If You’re Competing on Back Office, You’re Losing the AI Race

mea in the news

The following article was originally published in Intelligent Insurer on 5 March, 2026:


The conversation around AI adoption has become inherent across the re/insurance industry, with key players striving to reach efficient, optimised workflows. A quieter debate emerging across the market revolves around building vs. buying AI infrastructure, and how to compete in such a rapidly changing field. One insurance-focused AI platform, fresh from securing a $50 million minority equity investment, argues the answer is straightforward. Insurers, reinsurers and brokers should not be competing with technology infrastructure at all.

Speaking exclusively to Intelligent Insurer, mea Platform’s CEO Martin Henley gave his view that too many technology projects in insurance start from the wrong premise: that firms must build proprietary systems to stay competitive. Mea has a different approach: “We market ourselves and sell ourselves as a buy platform,” Henley said.

Explaining what this looks like, Henley said: “We’ve focused on the areas of the insurance industry where, in my view, insurers, reinsurers or brokers, shouldn’t be competing with each other.
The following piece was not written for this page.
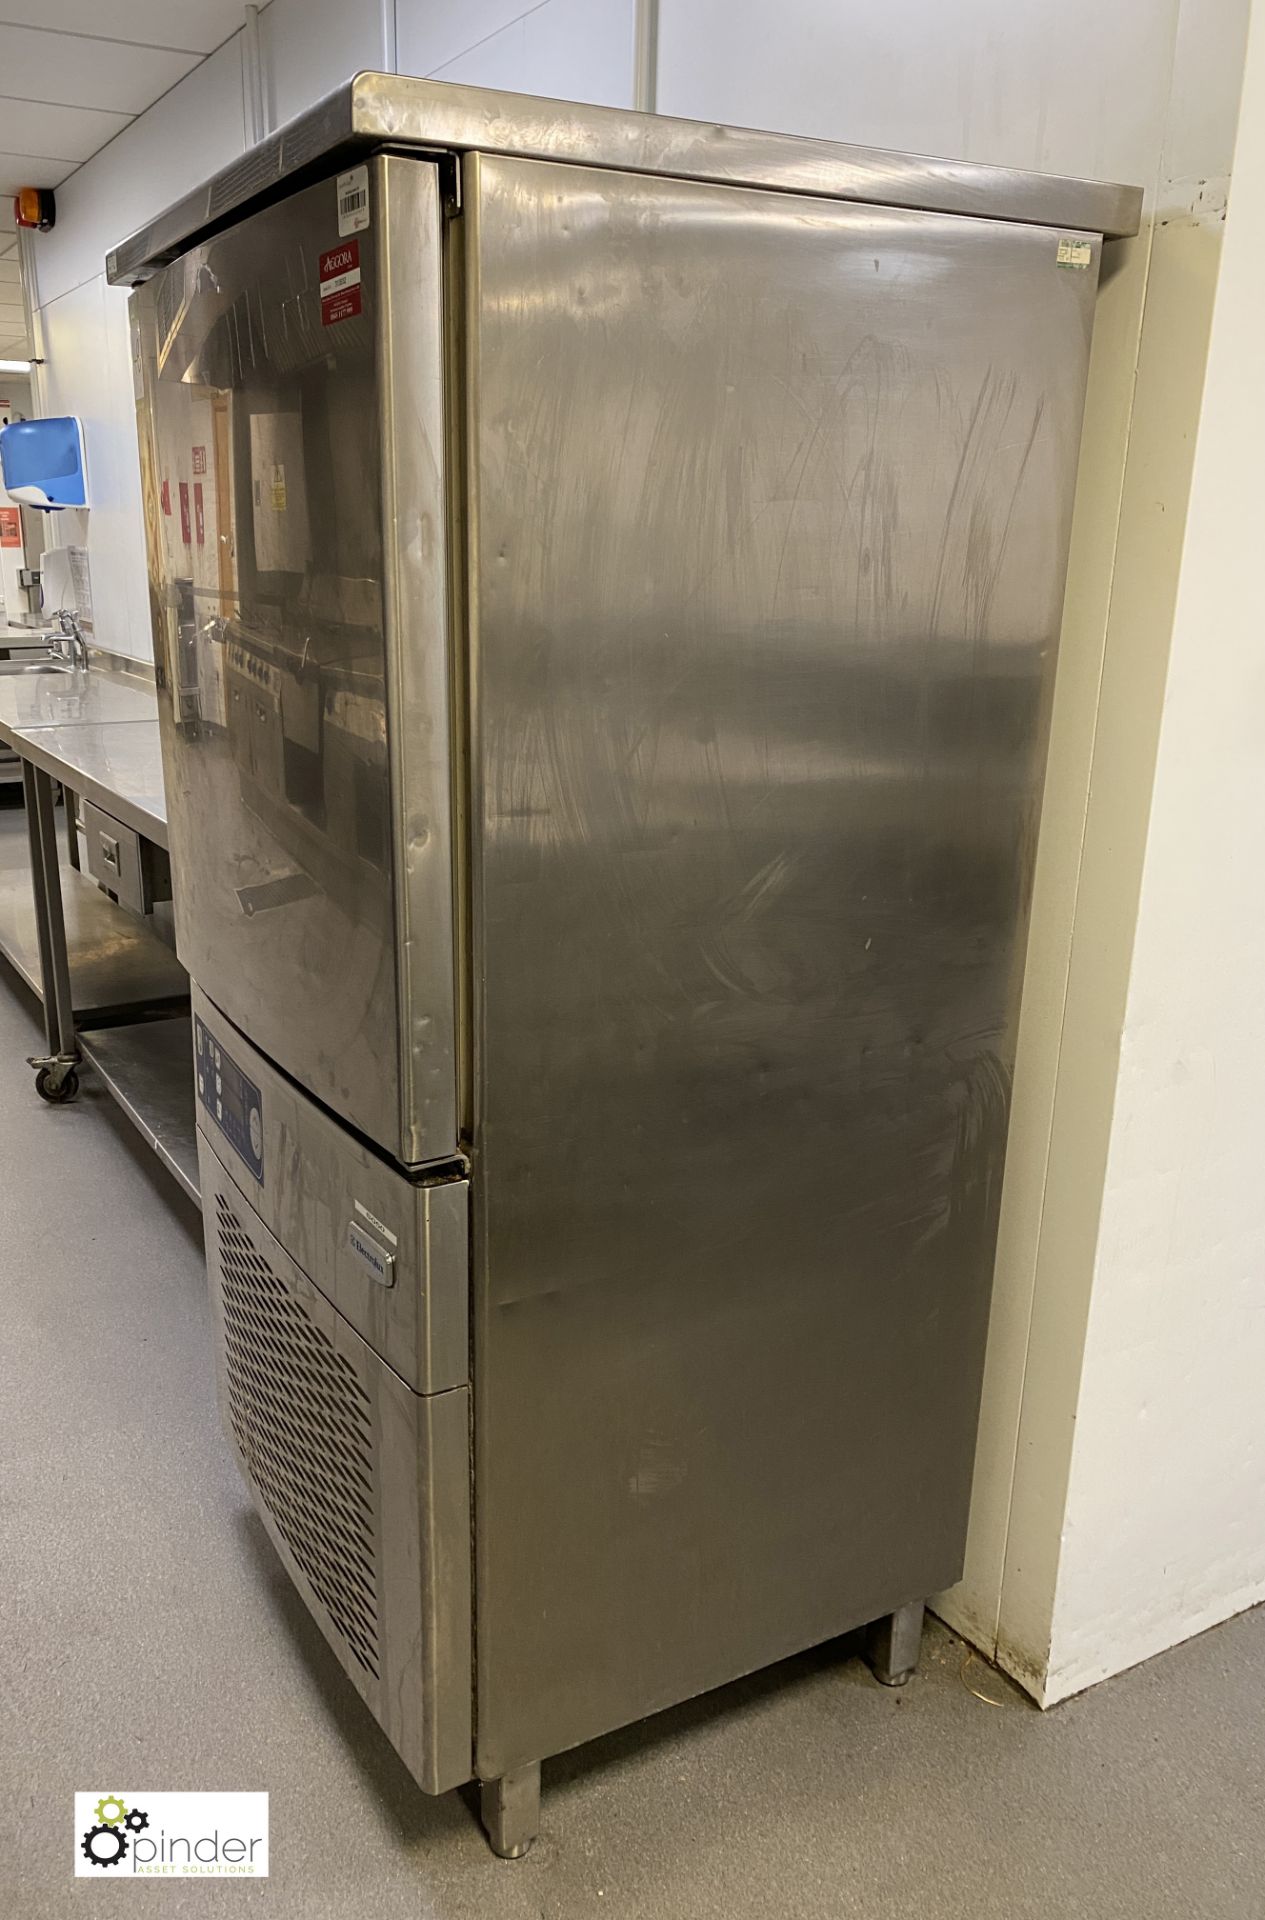 Electrolux stainless steel Blast Freezer/Chiller (located in Main Kitchen) - Image 4 of 4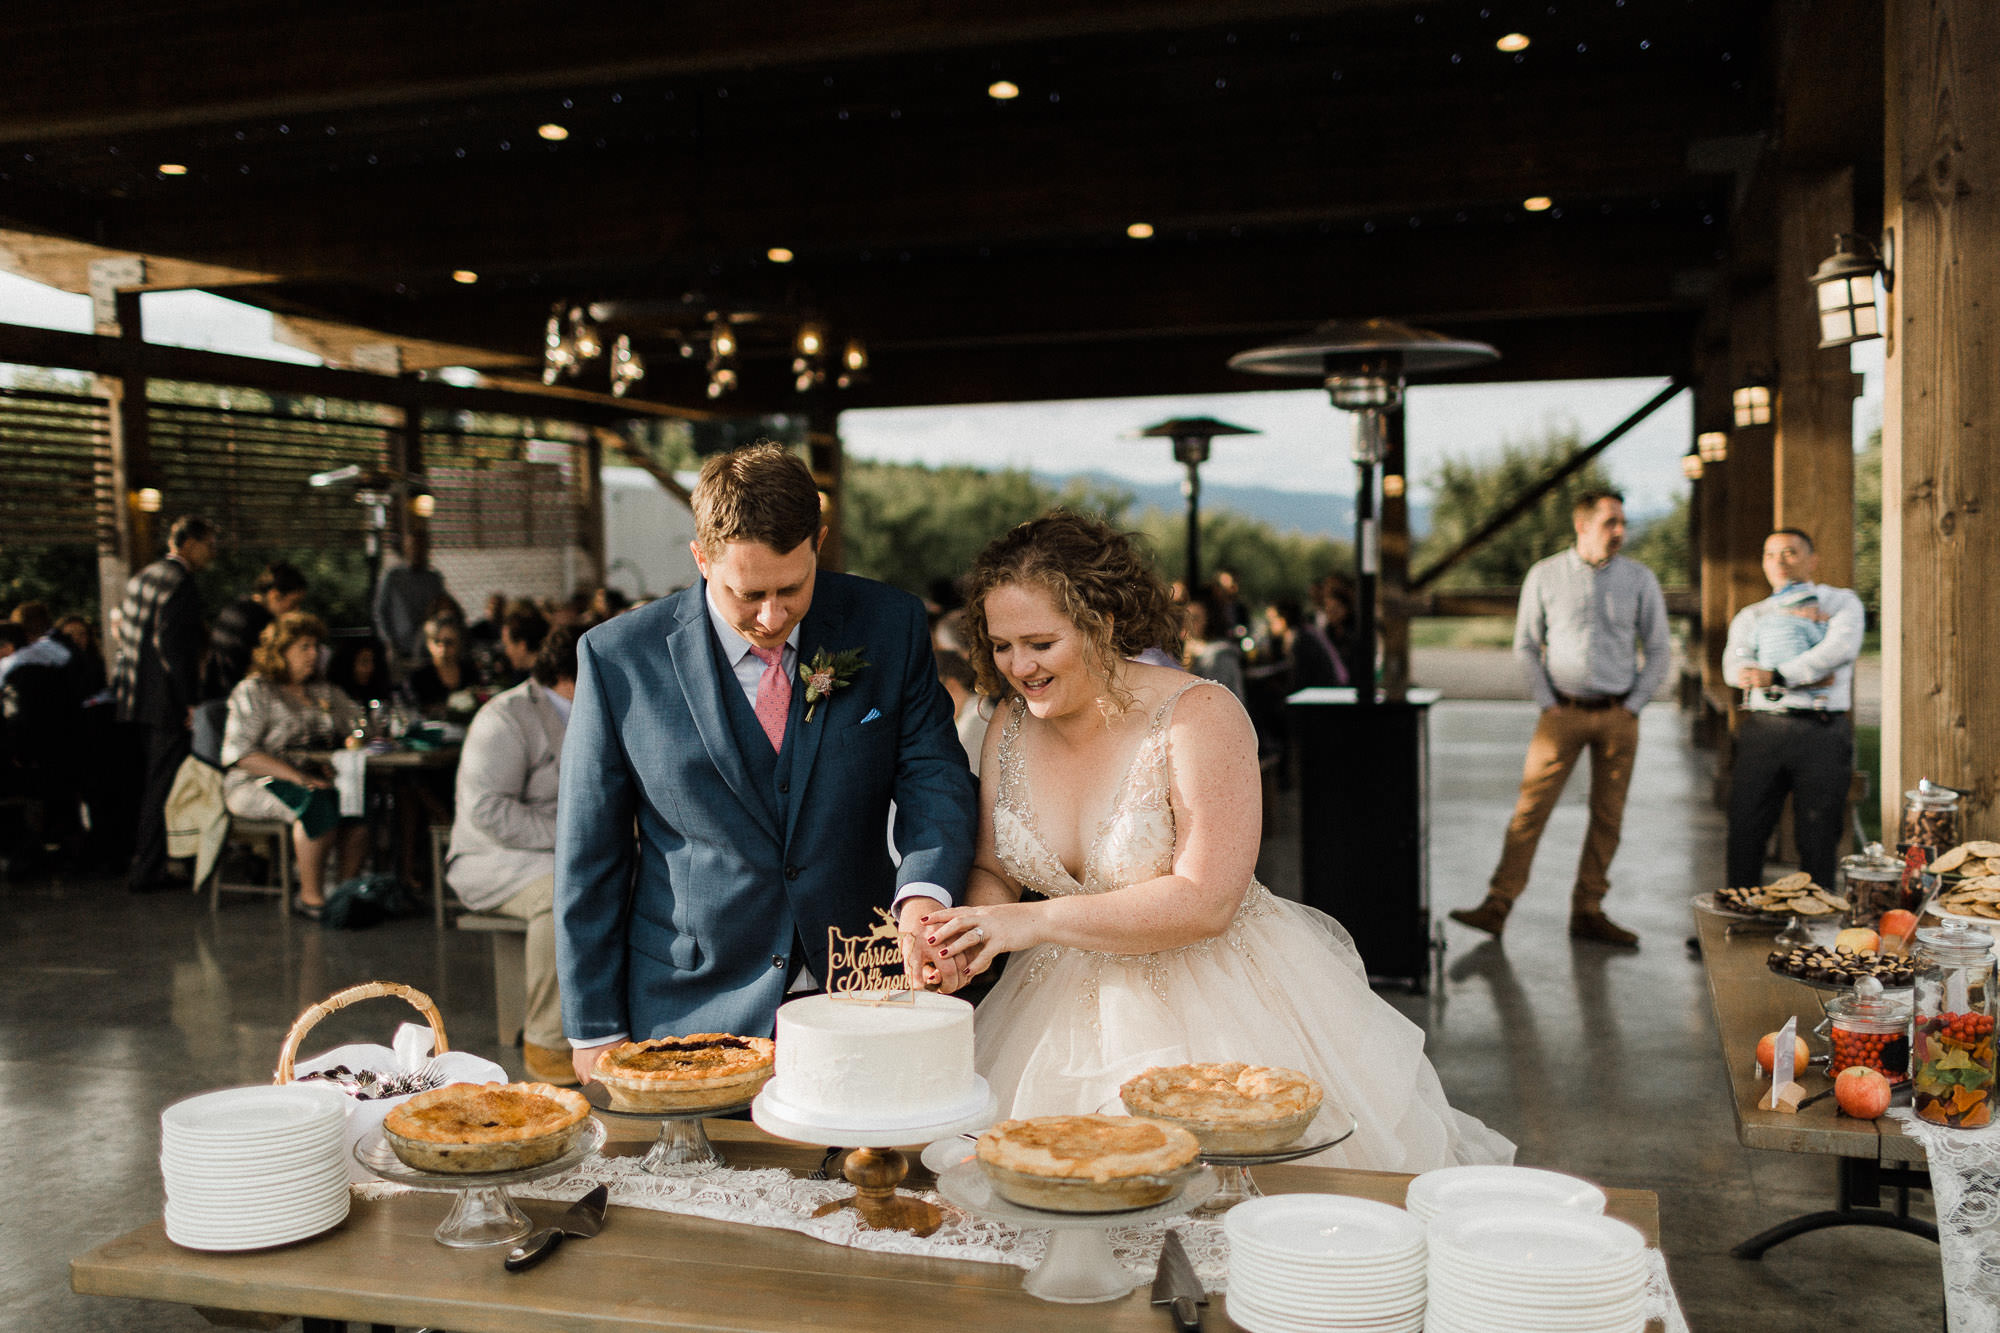 The bride and groom cut their cake at Mt. View Orchards in Mt Hood, Oregon.

Our focus is on the processing layer, how things are getting done, rather than the writing of the business.”

The recent investment is framed as acceleration and was always part of the growth plan. It will primarily support three pillars: go-to-market expansion, particularly in the US and Asia, increasing awareness of the platform’s capabilities, and ongoing product development and innovation to ensure the platform continues to complement the re/insurance industry.

Henley stressed that when it comes to AI adoption, re/insurers and brokers should focus on genuine success differentiators, such as underwriting talent and claims management, rather than on how back-office workflows and document integration might differ from company to company. In fact, Henley went as far as to say, “If you’re competing on back office, you’re not getting it right.” That layer should be concise yet effective; it doesn’t require duplicative technology infrastructure produced across different companies.

The Build Problem

These comments come as the market wrestles with the reality of AI deployment. According to Henley, a growing number of clients are arriving at mea after attempting to build their own tools or after engaging with products that require significant tailoring.

He explained that many companies initially attempt to build solutions in-house or adopt products that rely heavily on internal user input, which can be very difficult to obtain. Nine to 18 months later, they often discover the effort required was greater than expected and the solution remains incomplete.

Mea’s pitch is deliberately pragmatic: AI systems that “work out of the box” and deliver early returns.

That approach began with data ingestion, extracting structured data from unstructured submissions. Henley explained that what starts as extracting 20–30 fields of information can quickly scale to 100 fields.

The operational effect is cumulative. Once clean data is captured at the front end, underwriting triage accelerates, claims triage improves and broker response times shrink.

For carriers and MGAs operating in Bermuda’s high margin but competitive specialty market, speed is material. Faster turnaround “starts to impact margin and combined ratio in a very positive, meaningful way,” Henley said. And for MGAs in particular, “that directly impacts their enterprise value, and it does so quickly.”

AI Mandates and Market Nerves

AI adoption is no longer confined to innovation teams.

Henley explained many of their clients are now “receiving mandates from their C-suite and board to implement AI.” That top-down pressure is reshaping procurement conversations across the industry.

At the same time, public markets have reacted sharply to suggestions that AI could displace advisory roles, triggering bouts of broker stock volatility. Henley takes a measured view: “How much AI impacts brokers’ business, I think, is going to depend a little on the complexity. Some ‘simpler tasks’ may be automated. But the complex end, the strategy, the ’20 years of experience’ is still pretty difficult to replicate.”

Competitive advantage in re/insurance will come from smarter underwriting, sharper claims handling and better strategic judgment, not from building duplicative technology infrastructure. As boards push for AI adoption and the market grows wary of disruption, Henley’s argument is insurers, reinsurers and brokers should resist the urge to become tech builders and instead deploy proven, out-of-the-box systems that quickly unlock cleaner data, faster triage and improved margins.